*** Opening GIVEN DATA ***

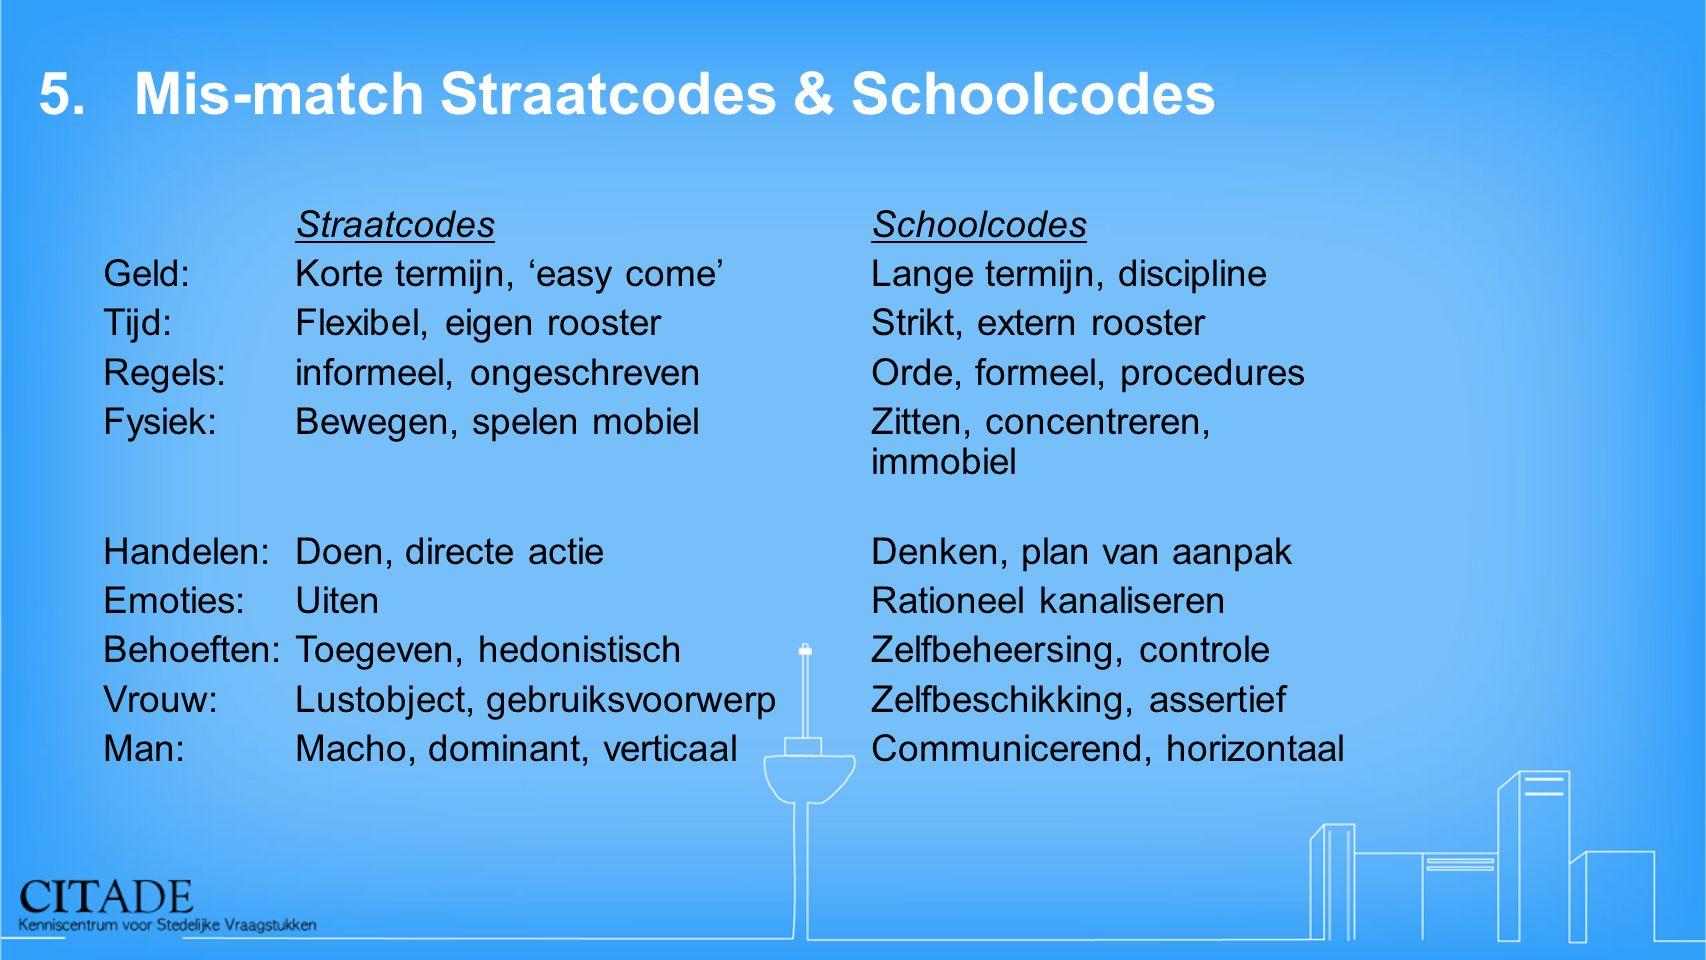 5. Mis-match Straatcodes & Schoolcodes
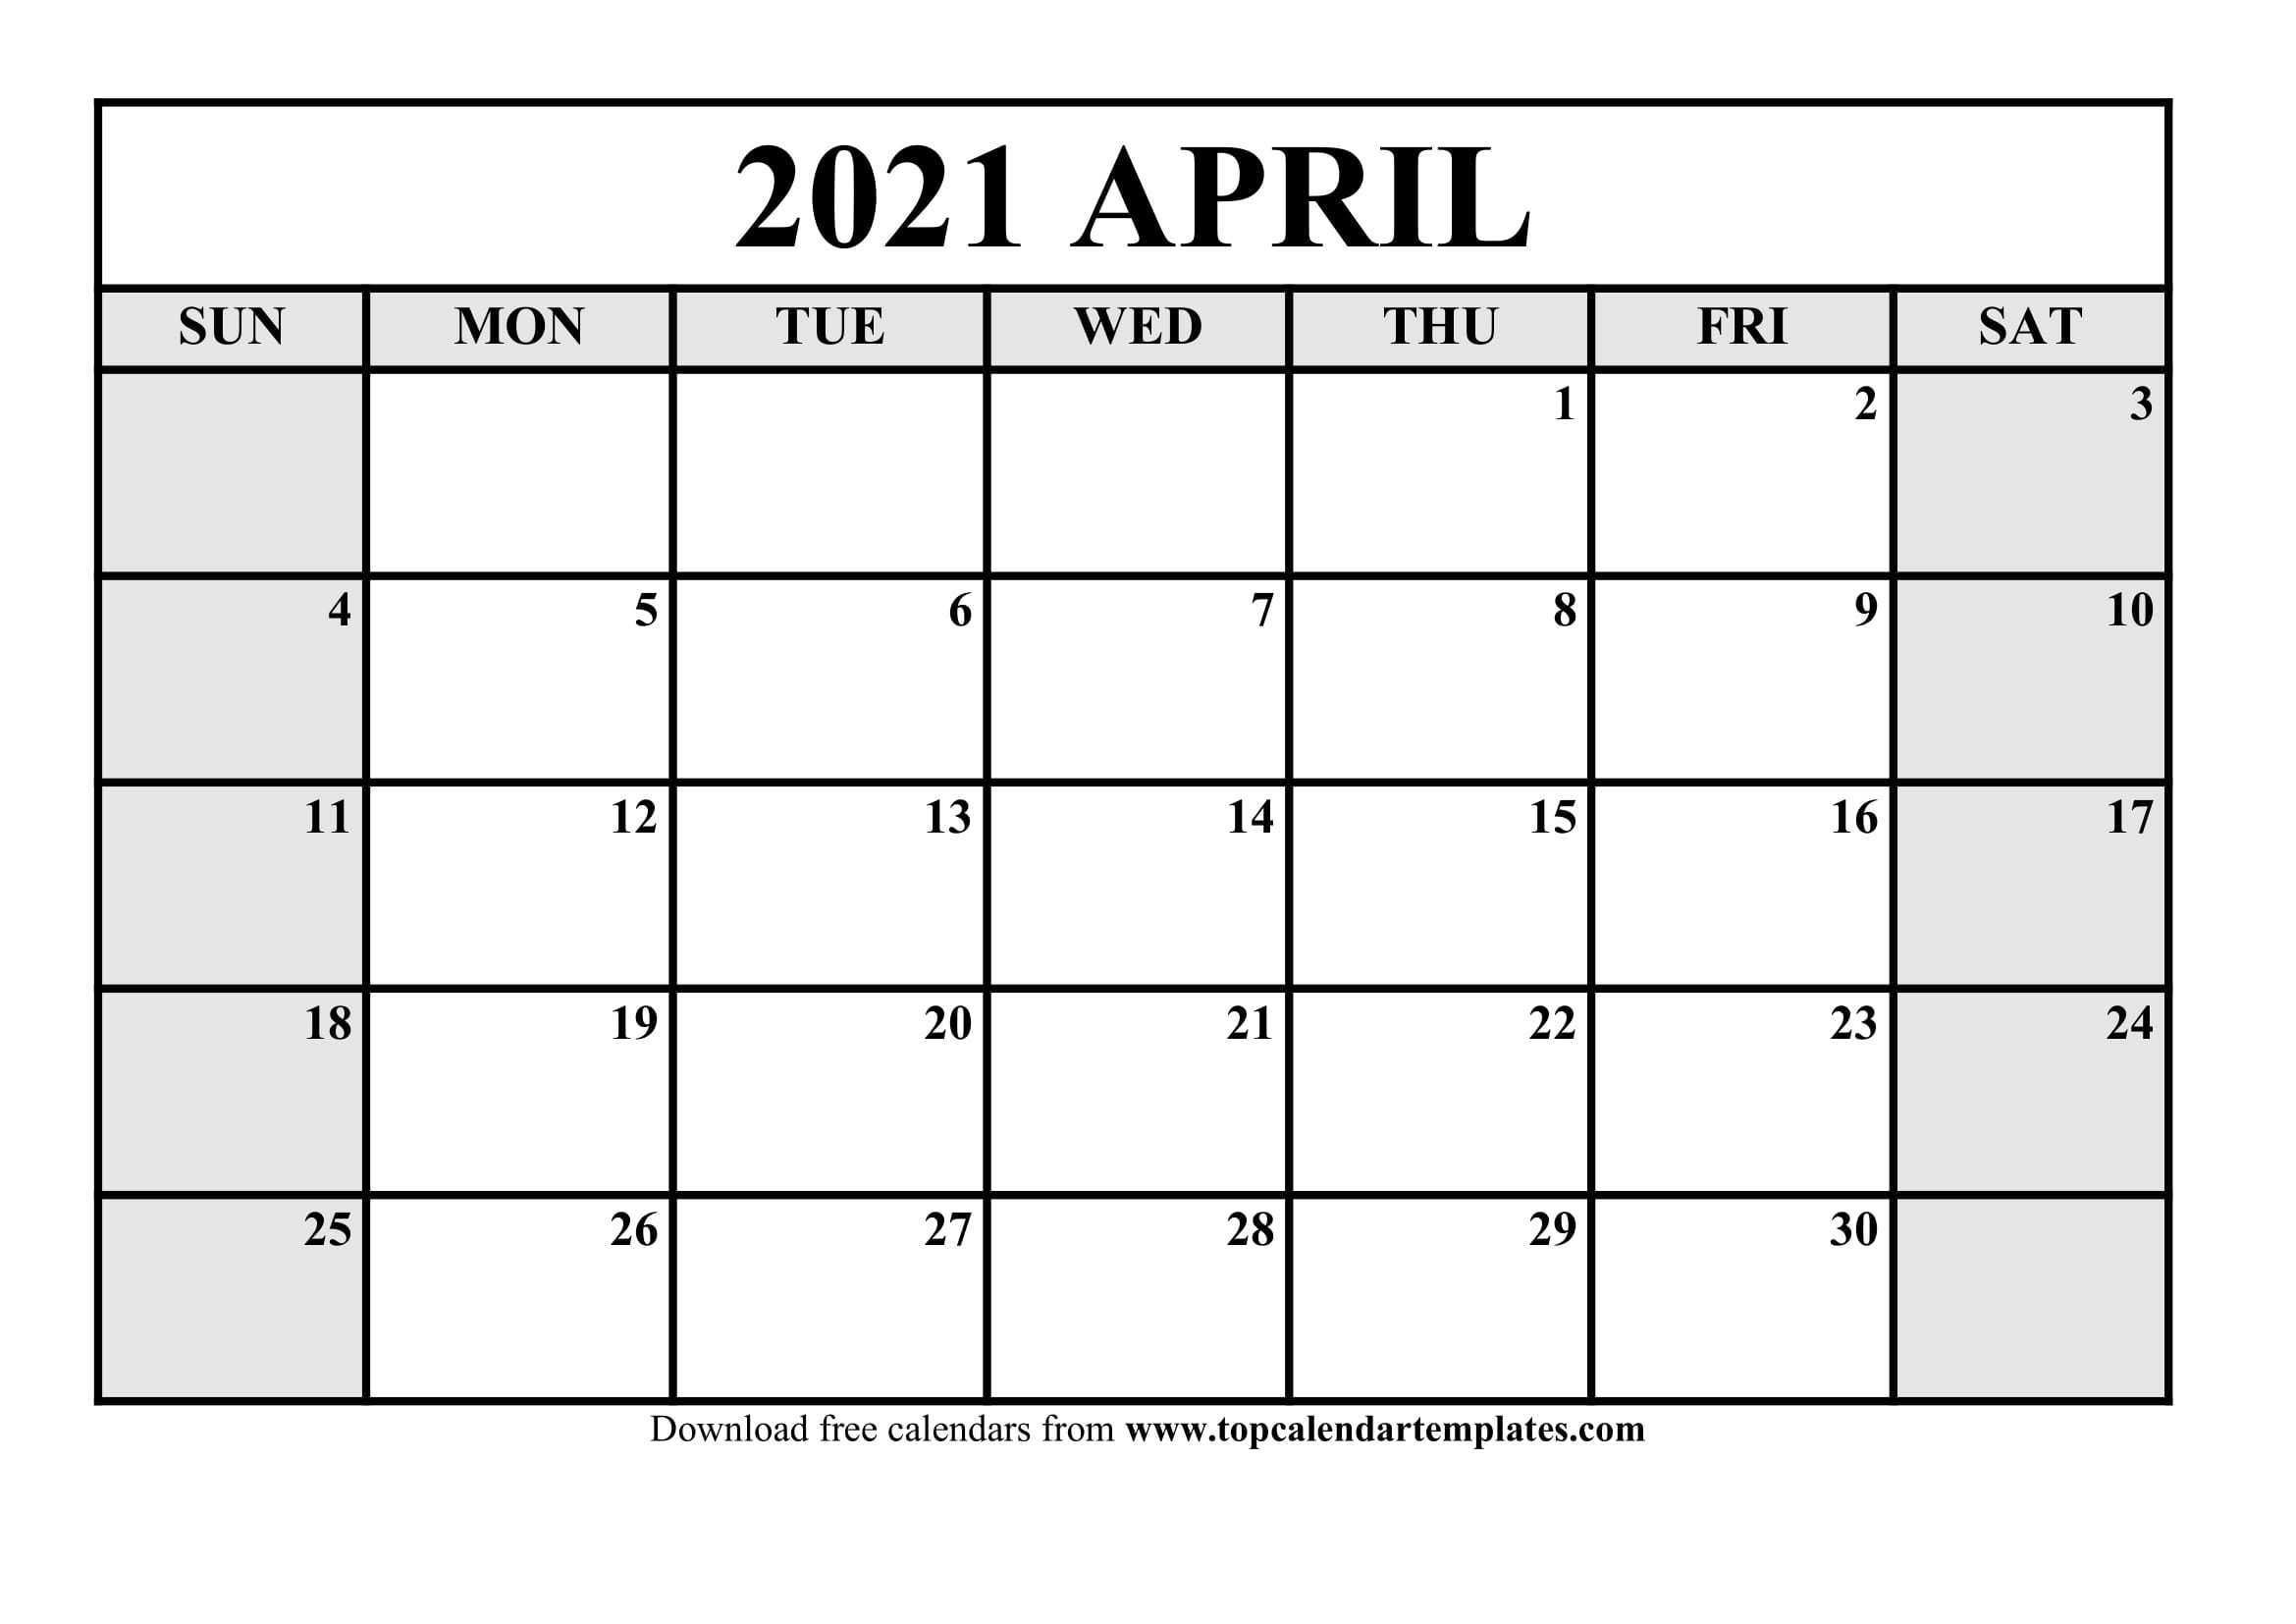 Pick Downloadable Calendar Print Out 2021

*** Closing GIVEN DATA ***
*** Opening GIVEN DATA ***

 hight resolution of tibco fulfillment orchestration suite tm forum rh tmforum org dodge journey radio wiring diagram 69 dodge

*** Closing GIVEN DATA ***
*** Opening GIVEN DATA ***

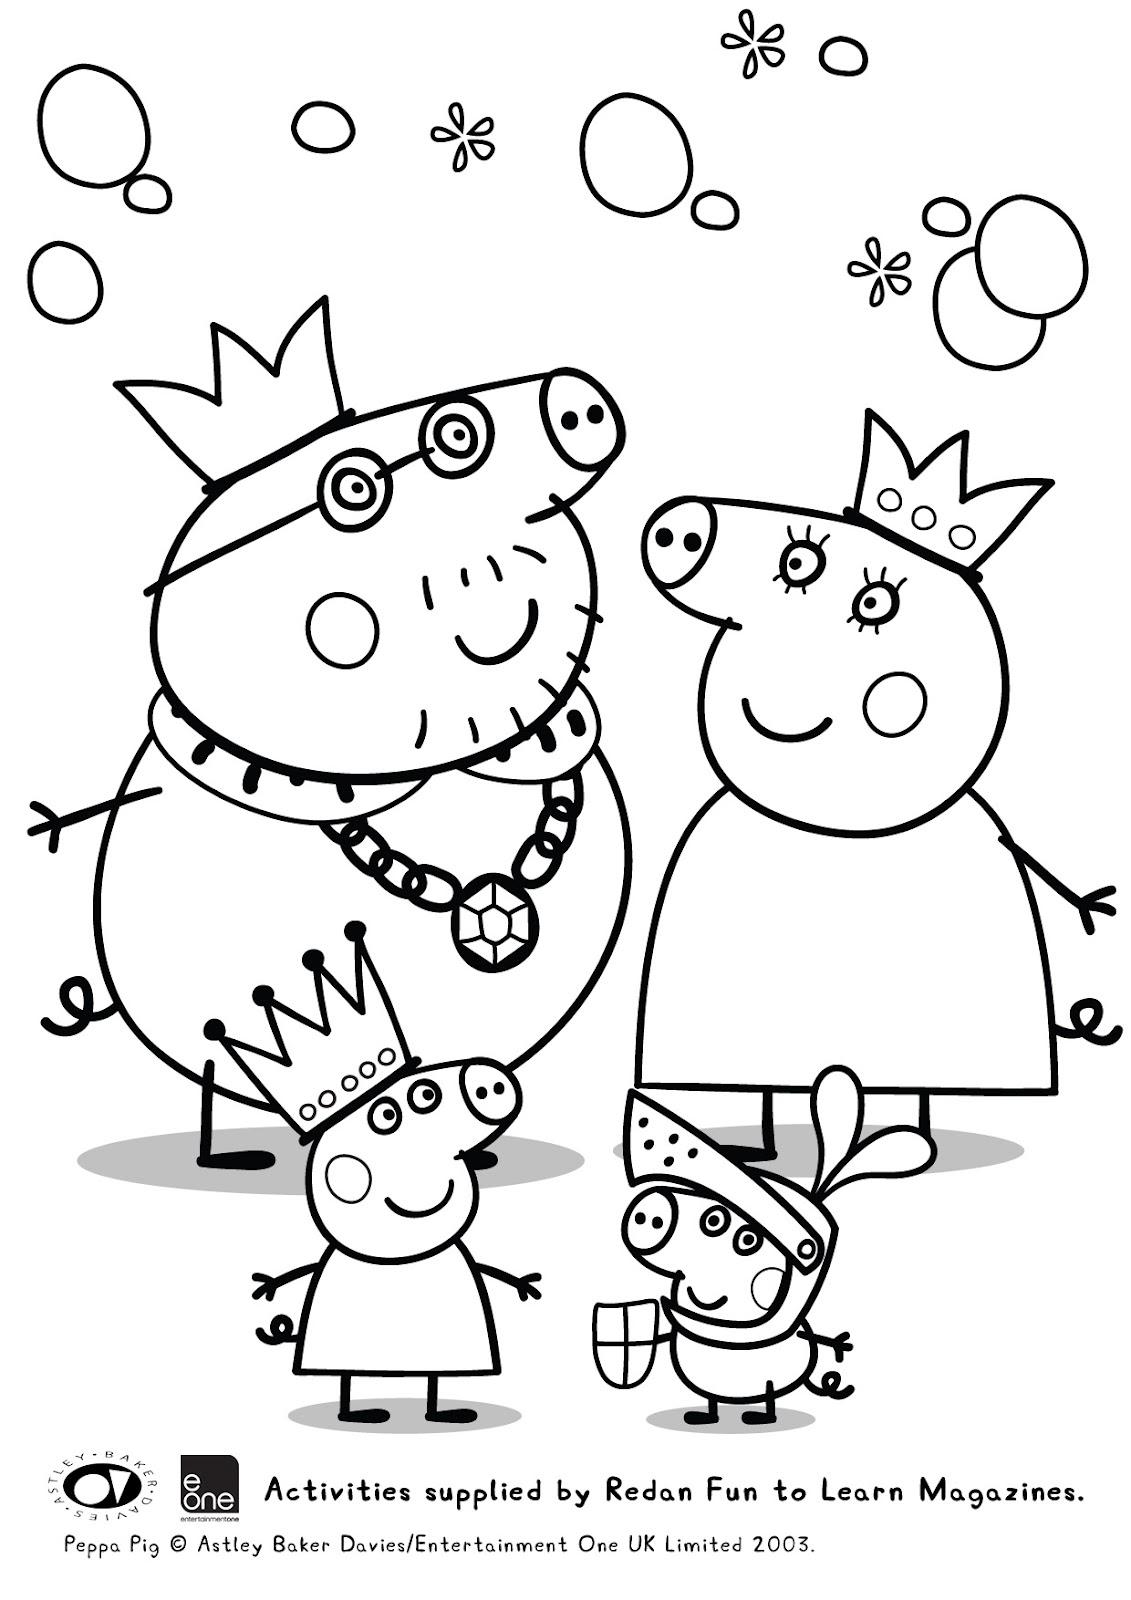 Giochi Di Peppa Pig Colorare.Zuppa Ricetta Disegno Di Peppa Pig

*** Closing GIVEN DATA ***

**WHAT IS REQUIRED:**
Reproduce exactly the lines of the data above that run from the line with "5. Mis-match Straatcodes & Schoolcodes" down to the line with "Pick Downloadable Calendar Print Out 2021", both ends included. Pictures do not belong in the copy.

**TASK RESPONSE:**
 5. Mis-match Straatcodes & Schoolcodes
 Pick Downloadable Calendar Print Out 2021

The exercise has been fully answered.